Companies see a benefit in having customers as shareholders, who can turn into “brand ambassadors” for their products and services. Investors often support businesses they identify with, whether it be craft beer, solar energy or computer games. It is less clear how well that might work for, say, a machine tool manufacturer.
Crowdfunding can help to fill the equity gap for start-ups but it is not necessarily easy. Crowdcube rejects 85 per cent of businesses that apply, for reasons such as being unable to substantiate claims in a pitch. Nearly half of pitches on the platform fail to reach their targets, meaning fundraising fails.
“They have to work at it,” says Tom Davies, chief investment officer at Seedrs, where six out of 10 fail to reach their target. “They have to do a lot of marketing around the crowdfunding campaign.”

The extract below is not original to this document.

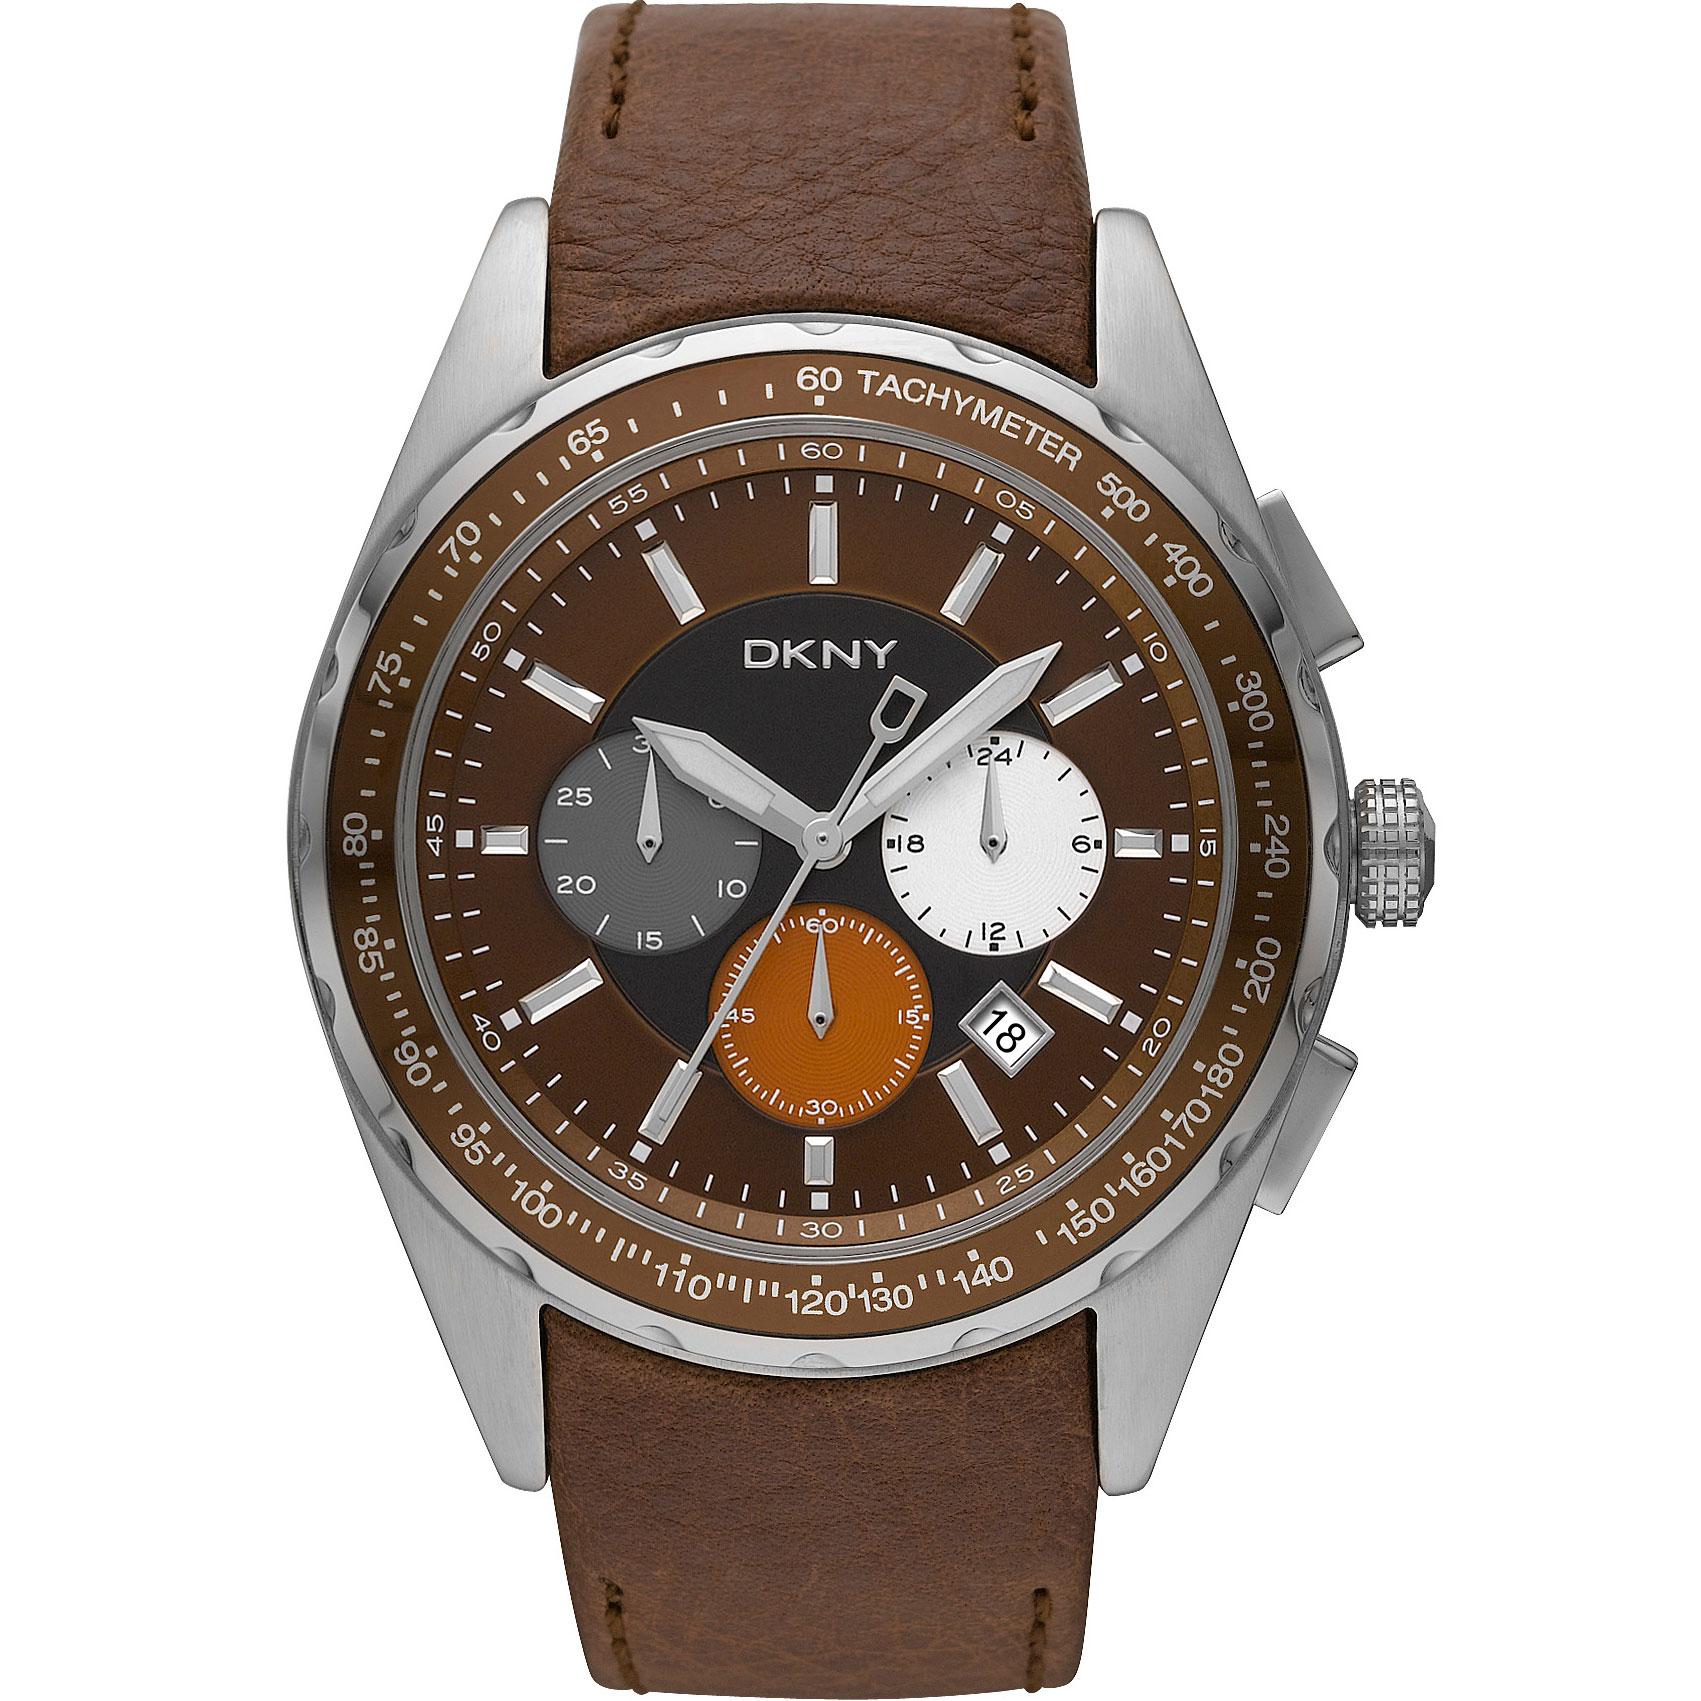 cb289d7fe Gents DKNY Chronograph Watch (NY1487) | WatchShop.com™

Amount raised by Chapel Down winery through Seedrs
Platforms have various models: on Crowdcube, investors hold shares in companies directly. Seedrs acts as a nominee shareholder on behalf of investors, managing the investment for them. On SyndicateRoom, a “business angel” acts as lead investor and negotiates terms before funding is opened on the same terms to the crowd.
On Crowdcube, all but the largest investors receive “Class B” shares, with no voting rights or contractual protections against dilution, such as “pre-emption rights”, whereby existing investors must be offered shares before they are made available to anyone else. Crowdcube says the 2006 Companies Act gives adequate protection from unlawful dilution.
Some companies have been criticised over valuations, notably craft brewers BrewDog and Camden Town Brewery. Valuations matter, because even if investors have diversified portfolios they need to earn good returns from the few that do well.
But Stian Westlake, executive director of research at Nesta, says: “It isn’t clear to me that there is something inherent about equity crowdfunding that is more likely to generate unrealistic valuations.”
It may take at least five years before rates of return can be properly gauged as the initial cohort of businesses is sold or floated. “It is likely that the bad news will come before the good news,” Mr Westlake says. “By then we hope there will have been some success stories, even if these are anecdotal.”